Segment Start: INFORMATION SUPPLIED

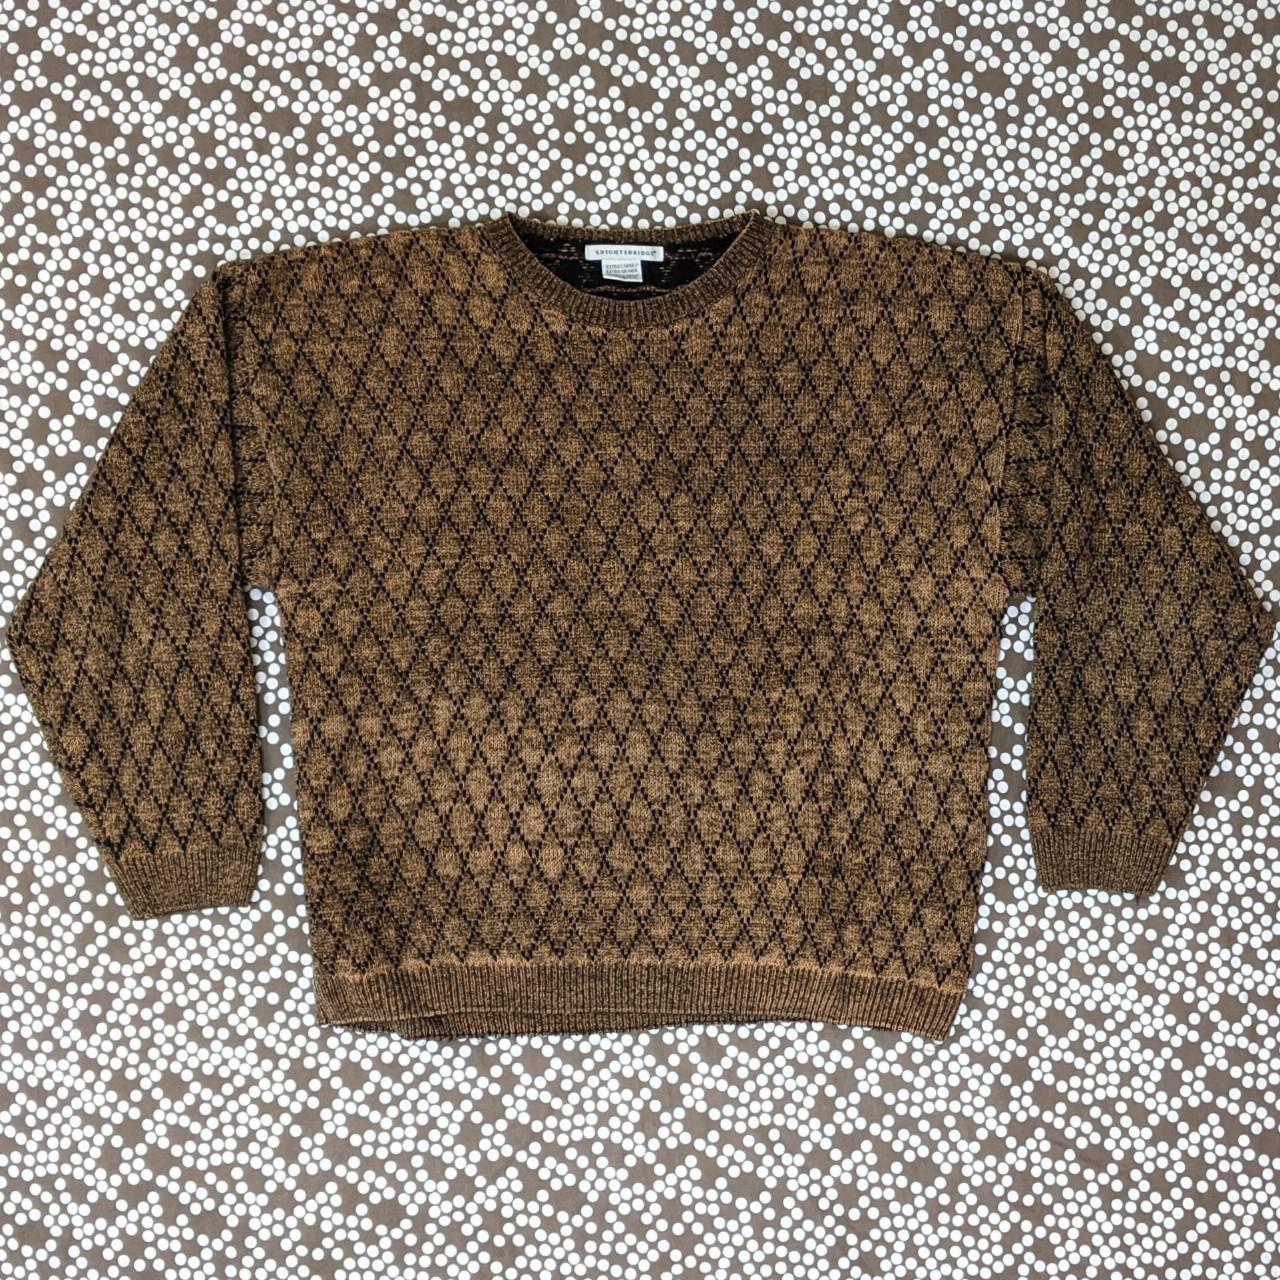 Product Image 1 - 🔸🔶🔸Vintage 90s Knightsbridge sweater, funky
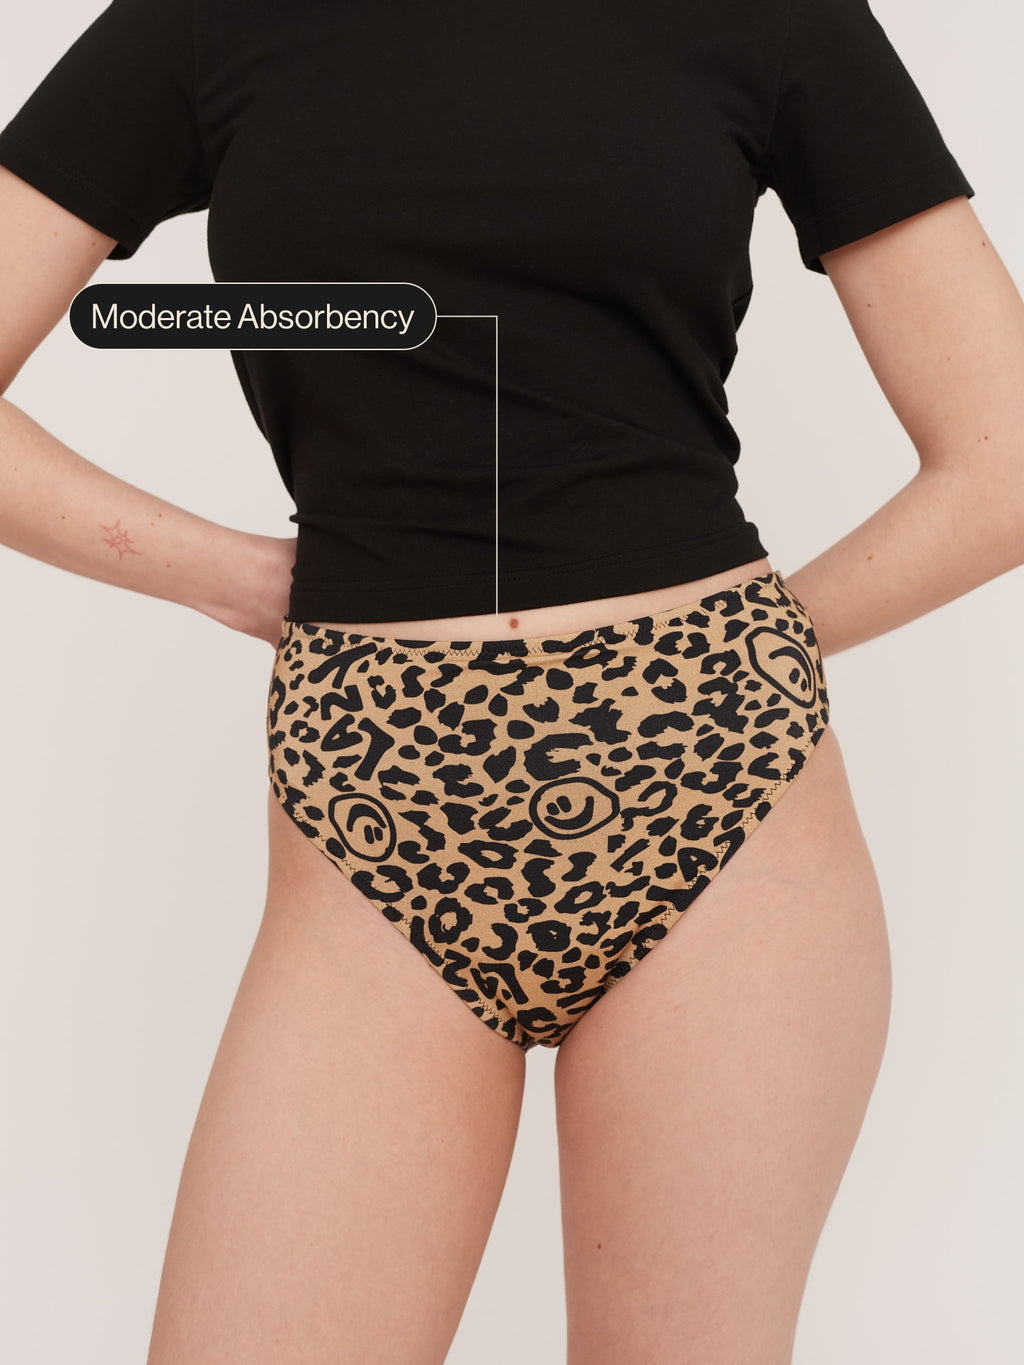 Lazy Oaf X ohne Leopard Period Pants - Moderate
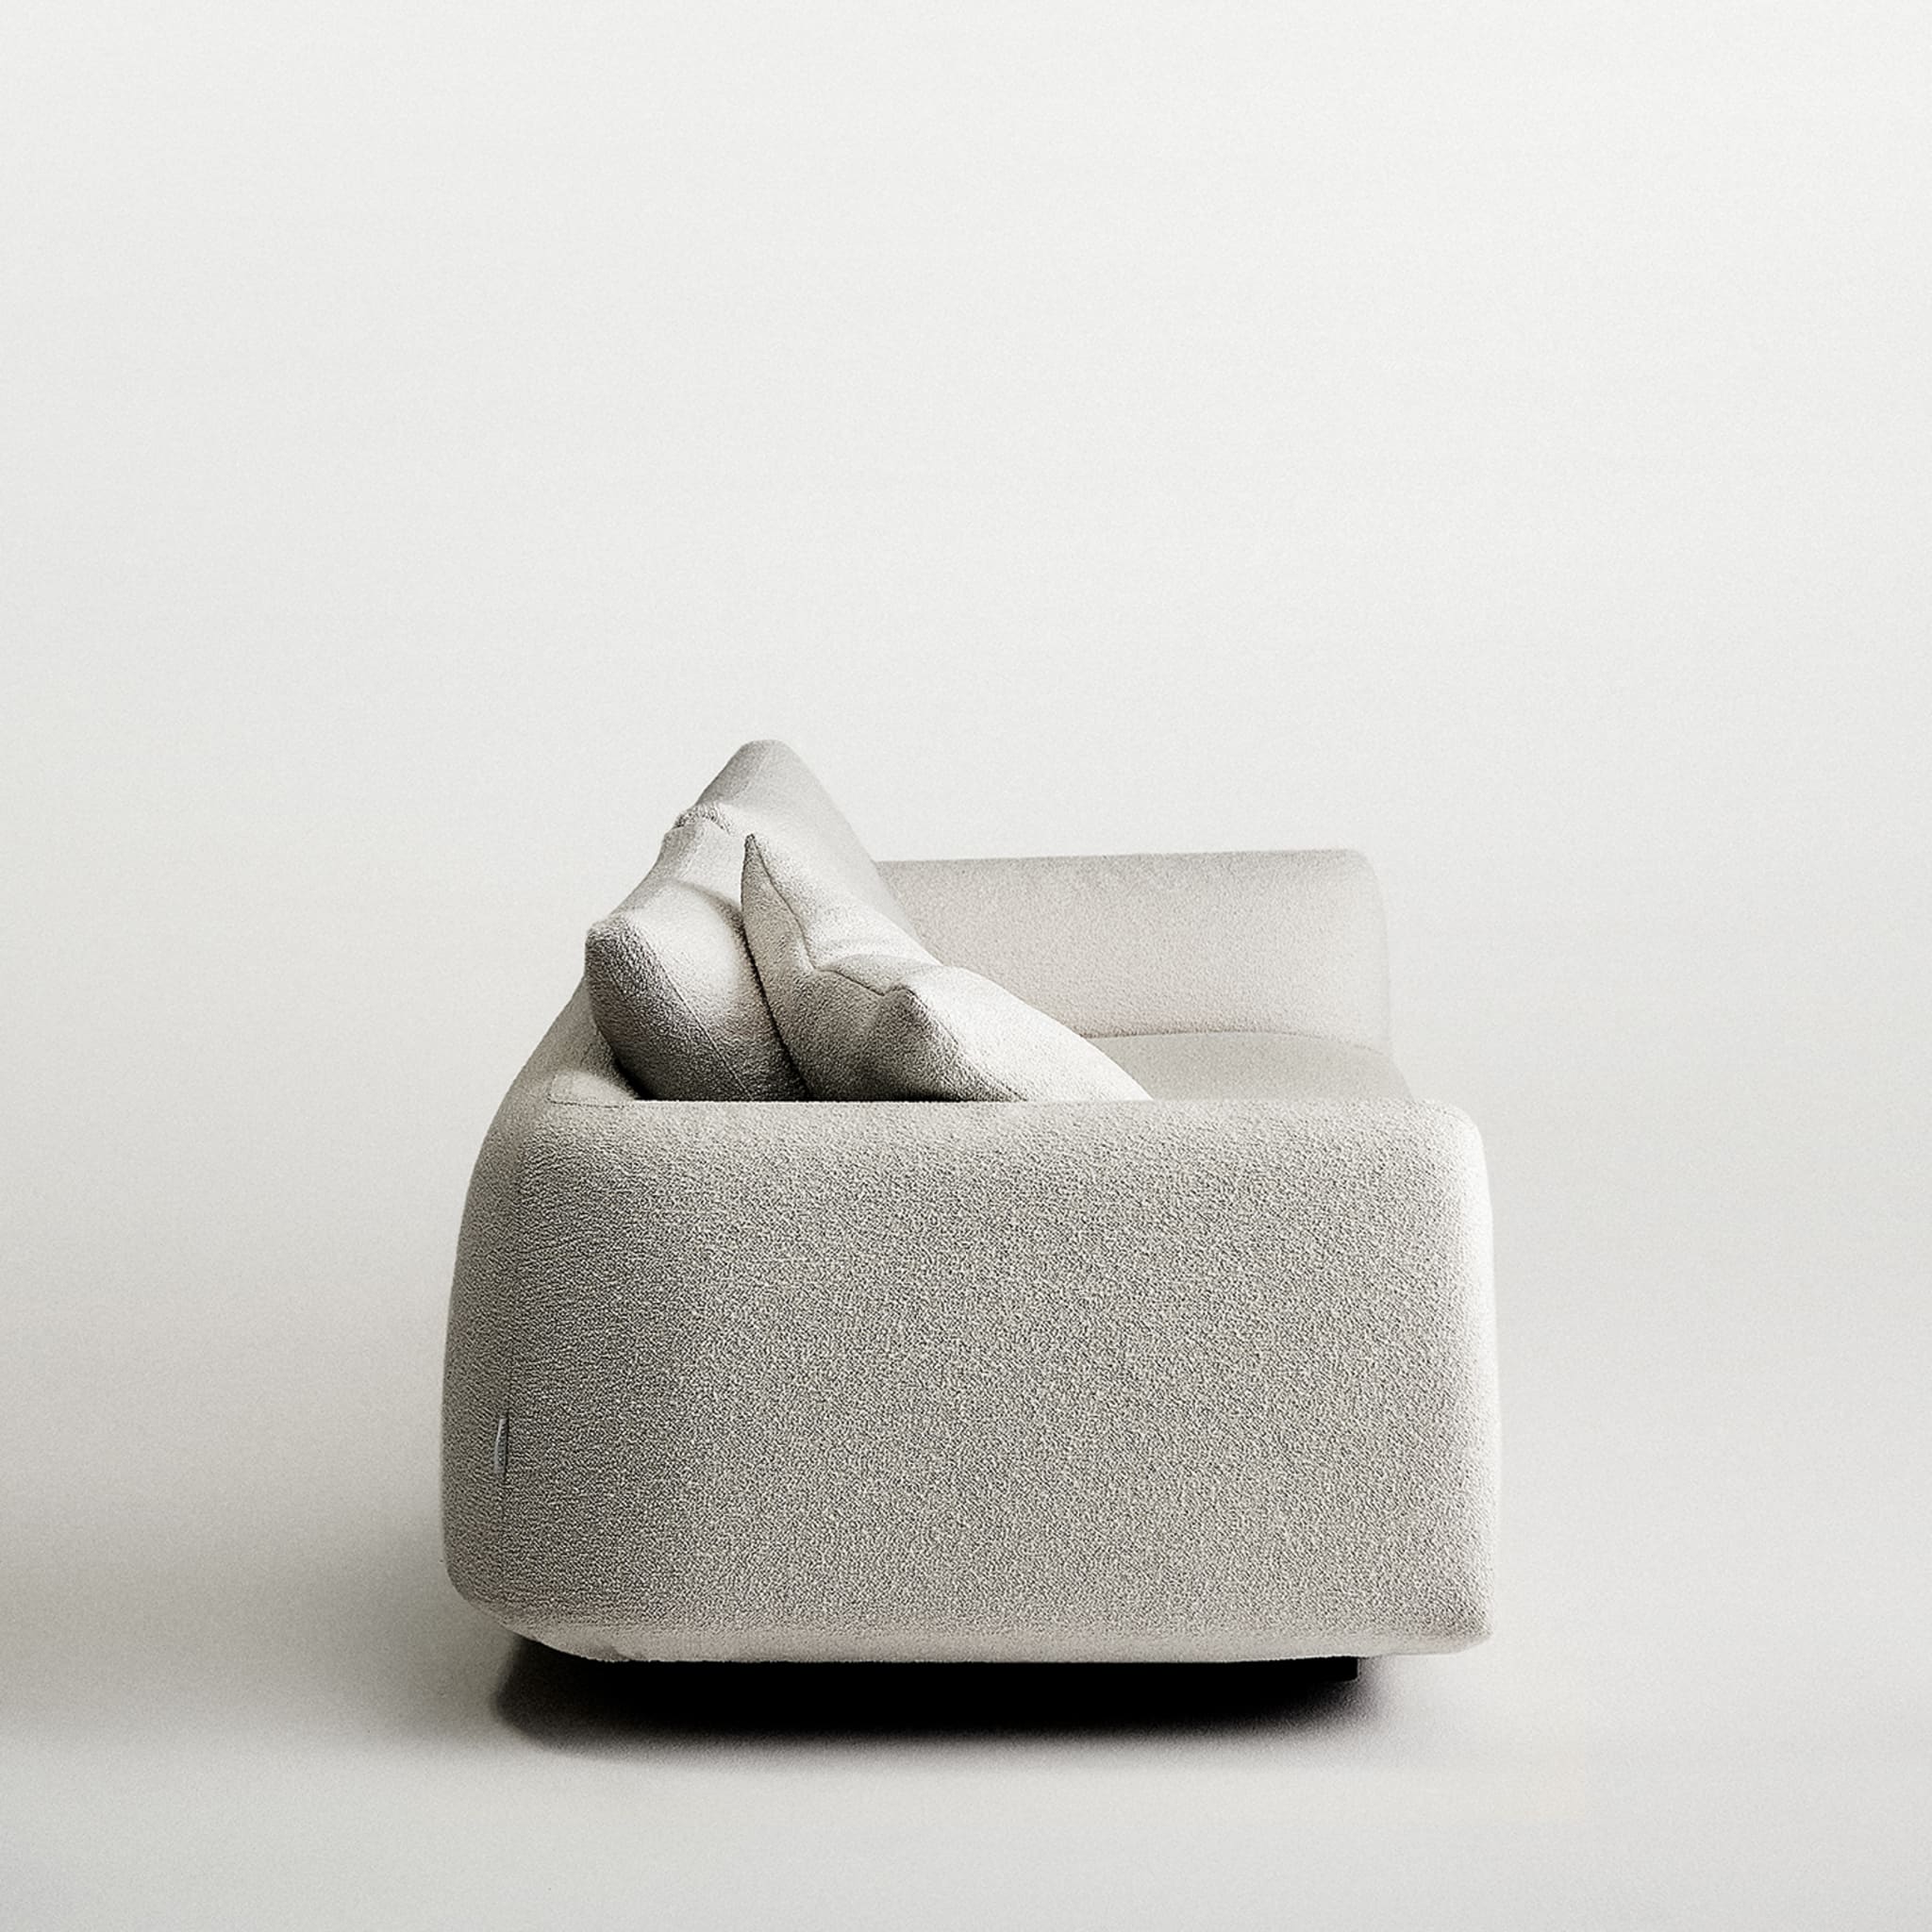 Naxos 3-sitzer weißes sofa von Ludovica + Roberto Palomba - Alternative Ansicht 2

Segment End: INFORMATION SUPPLIED

WHAT THE TASK ASKS:
Drop the images and copy all the data exactly.

ANSWER TO THIS TASK:
 Product Image 1 - 🔸🔶🔸Vintage 90s Knightsbridge sweater, funky
 Lazy Oaf X ohne Leopard Period Pants - Moderate
 Naxos 3-sitzer weißes sofa von Ludovica + Roberto Palomba - Alternative Ansicht 2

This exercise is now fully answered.